I’ve just come from another therapy session, and I am in shock! The biggest problem with my leg has been the extremely limited range of motion in my knee, and this latest therapy was intended to improve that. Today was the dreaded measuring day, to see if I have improved. I’d asked the therapist not to tell me any numbers, because so many times I have had my hopes up, then been disappointed. After she measured, she was bursting with excitement, and begged me to let her tell me. I finally gave in, and heard the wonderful news that I have gained nine degrees of extension in my knee!

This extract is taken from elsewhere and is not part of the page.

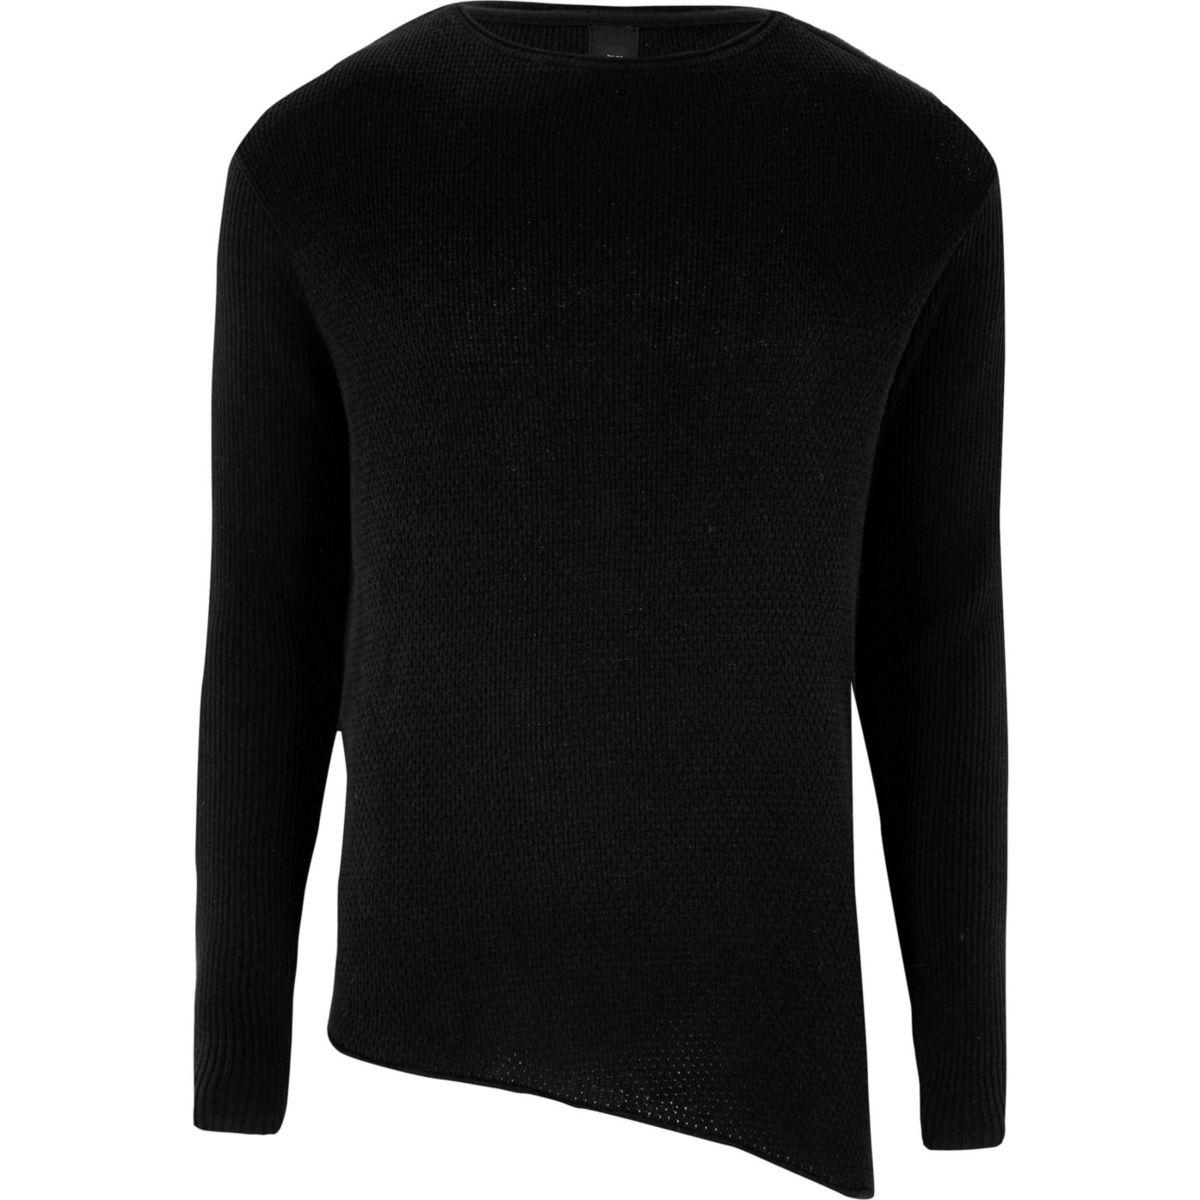 Black asymmetric hem muscle fit knit jumper

Now, that may not sound too exciting to those of you who take straightening your leg for granted, but to me, it is nearly a miracle. I knew that things had improved because I've been walking more comfortably and have had less pain overall since starting the therapy. But I never imagined I would gain so much in such a short time, and with relatively little pain or effort on my part. Many have been praying as I’ve gone through this therapy, and I know that the Lord has heard their pleas on my behalf.

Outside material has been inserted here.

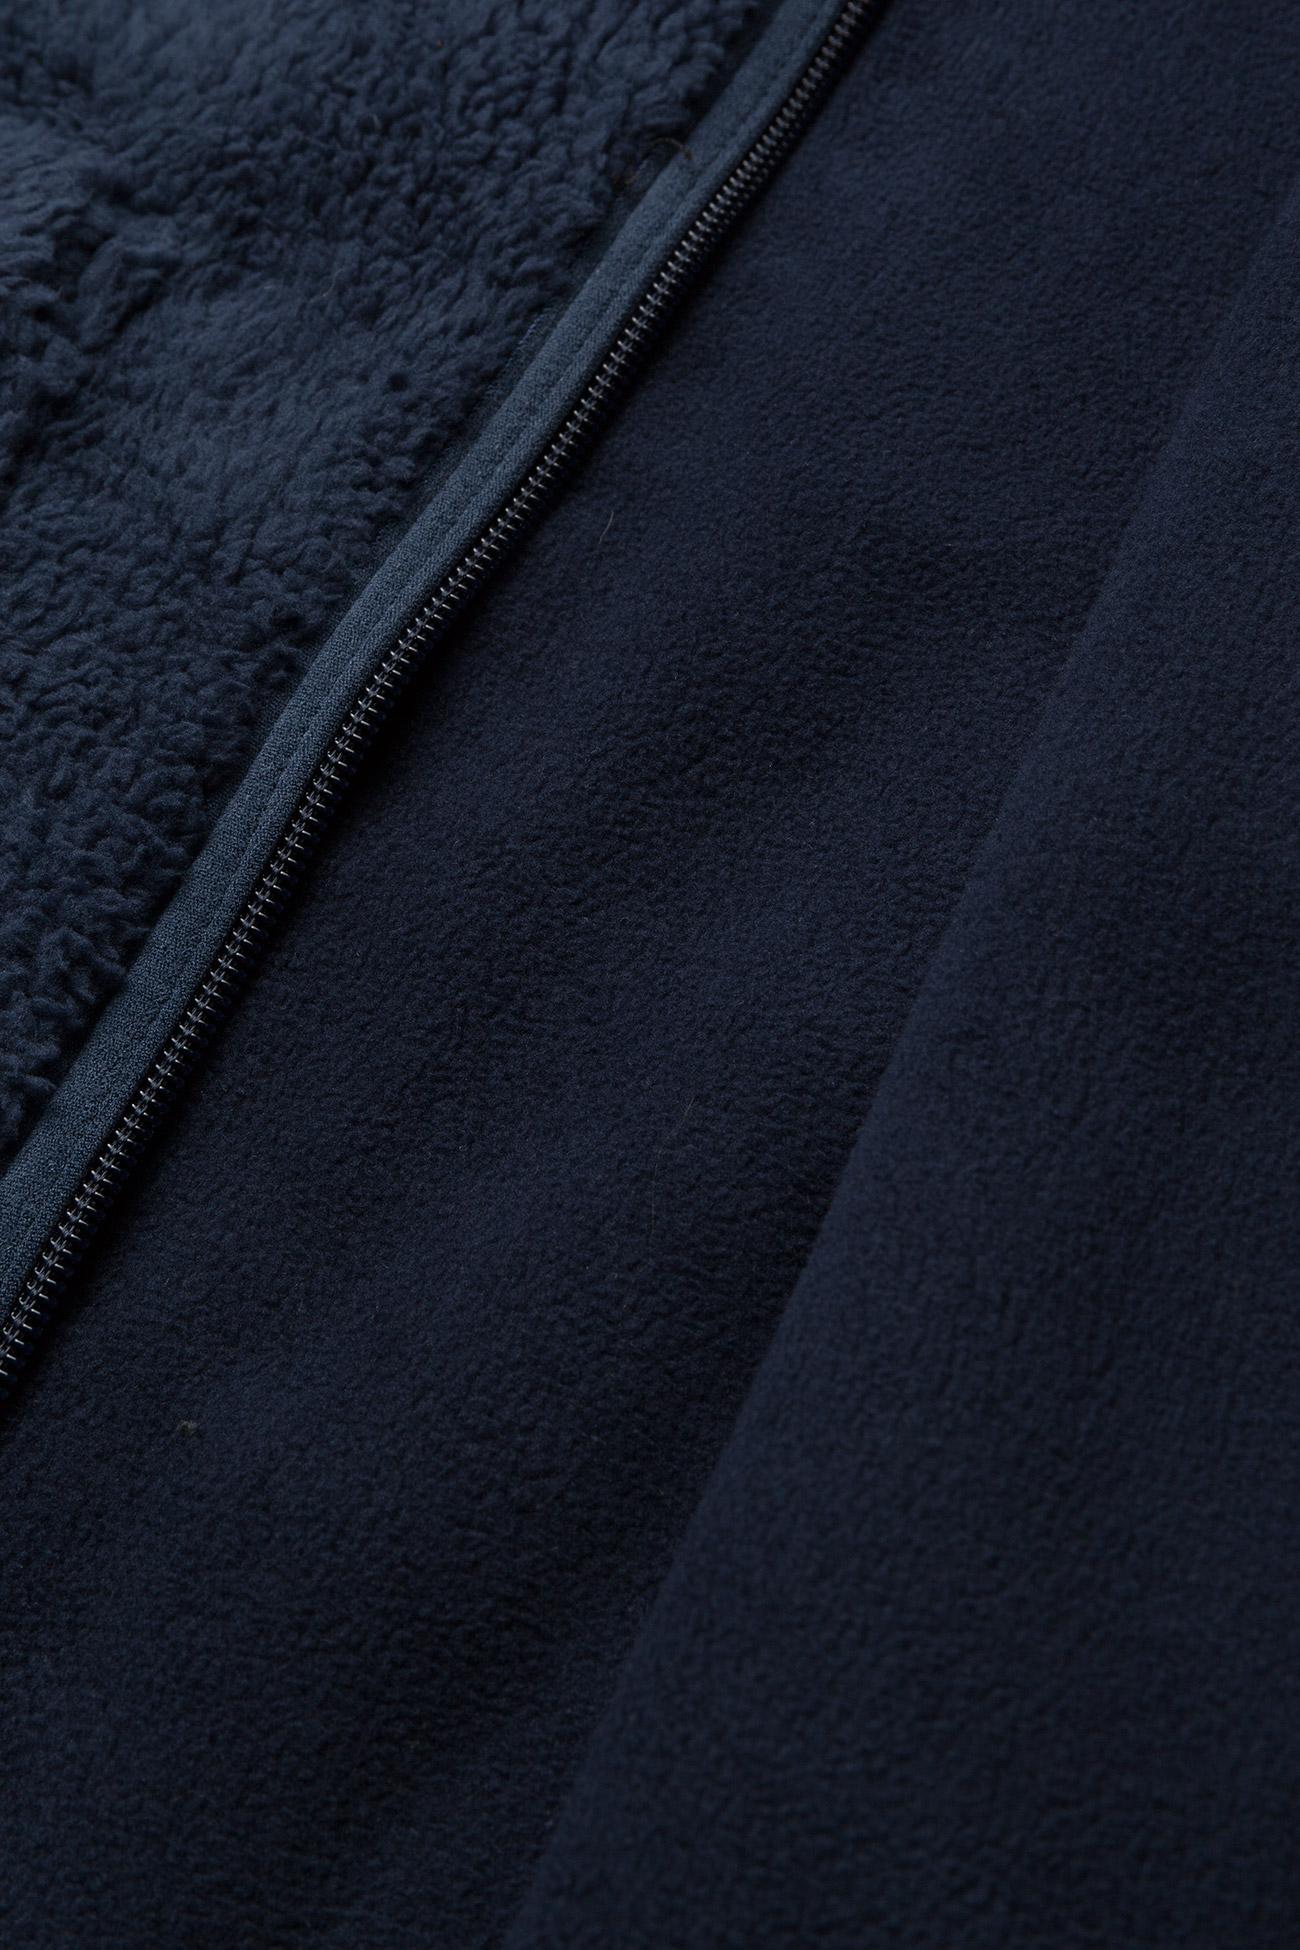 Resteröds Original Fleece Jacket - Sweatshirts GREY - Menn Klær

But I find myself only cautiously optimistic. Why am I not full of joy and excitement about this new development? Why am I responding to this answered prayer with such skepticism? Is it because I am not thankful for this improvement? I don’t think so. I am so very grateful for the Lord’s mercy and goodness to me in this way! I know that it is only by His grace that I am feeling better, and out of His love for me He has granted these prayers. So why do I hesitate to celebrate? Why can’t I just let go and do a full-on Praise the Lord and shout to the rooftops? I believe my problem is the Jinx Factor.
Some of you know what I am talking about. When something good happens after you’ve wanted it for a long time, you shouldn't get excited about it or tell too many people, because you might “jinx” it. Enjoying a positive development or sharing news that seems too good to be true may cause the happy circumstance to reverse itself. Of course, this is a silly superstition with no truth in reality at all, yet it seems to be affecting me today as I receive this news.

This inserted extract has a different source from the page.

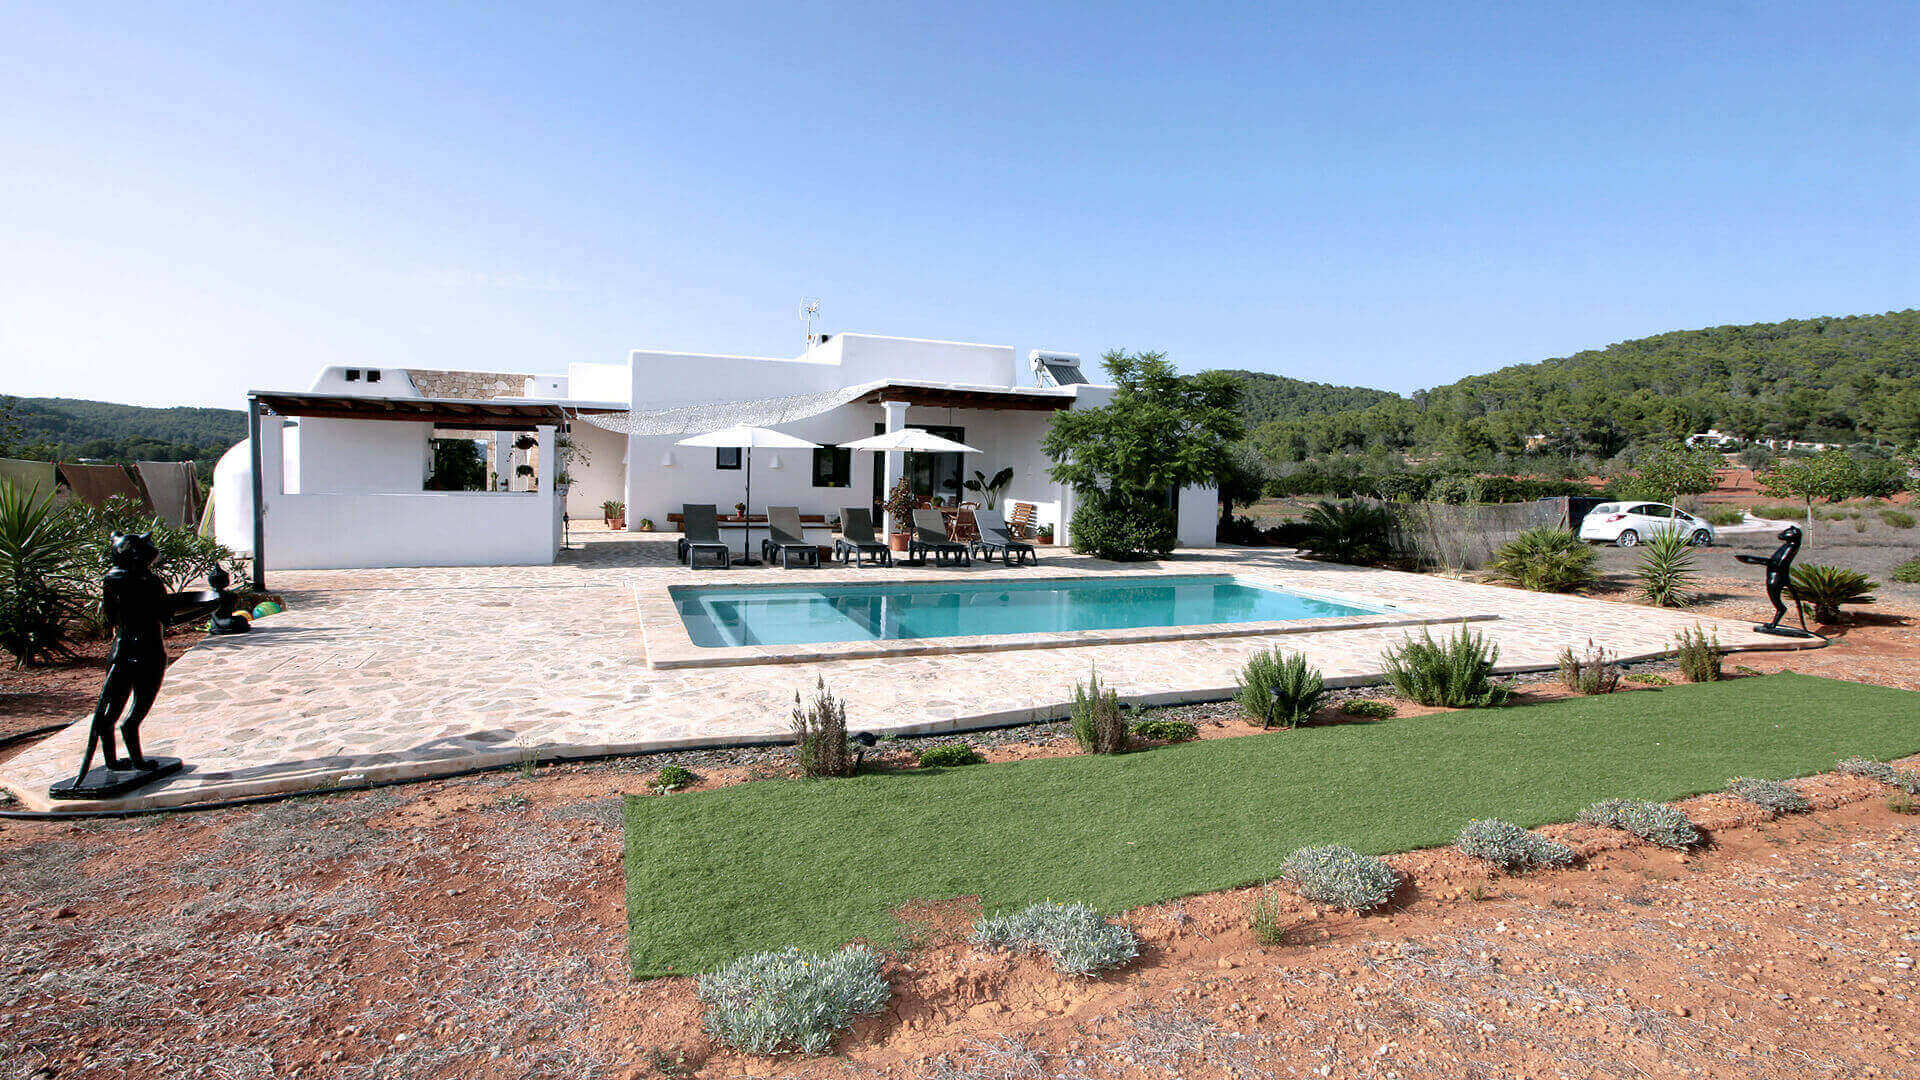 Cana Marieta Ibiza Villa 3 Near San Miguel

I have been a Christian for most of my adult life, yet this silly superstition still hangs on. As I pondered why this might be so, it occurred to me that there is another truth that I wholeheartedly believe, that definitely seems too good to be true: God sent His only son to die for my sins so that I could be with Him forever. There is absolutely nothing about me, no merit or goodness that would have caused Him to do that. It makes no sense. Yet, I believe it to the core of my soul. God has granted me faith to believe in His love, grace and mercy toward me. I honestly do not question it, even when I lose the battle against sin. There is no danger of jinxing this great news! I never hesitate to tell of the glory of my Savior, and the changes He has made in my heart. When I think on His attributes, peace and joy fill my soul and I know that nothing can ever take that from me.
So, what’s the difference between my response to the Gospel and my response to this latest good news? I believe the difference is that I am not applying my God-given faith to this God-given answer to prayer. Because it is circumstantial, I immediately apply a worldly response: “Don’t get too excited. It will probably go backward when you’re done with PT, as it has before. Maybe her measurements were off. It can’t be that much better. You’ll only be disappointed again if you get your hopes up.”
God saved me years ago in answer to my prayer, and probably the prayers of many others. Lately, I have prayed for this healing, as have many others. Answered prayer is answered prayer! Who am I to question God? When He says yes, He means yes (2 Corinthians 1:20), whether in the spiritual or physical realm. So I will enjoy this new development, and I will praise Him for this gift (James 1:17). If it doesn’t continue to improve, or goes backward, I will praise Him still, because that too will be a gift. My hope is in Christ, with whom there is no shadow of turning…and definitely no jinx factor!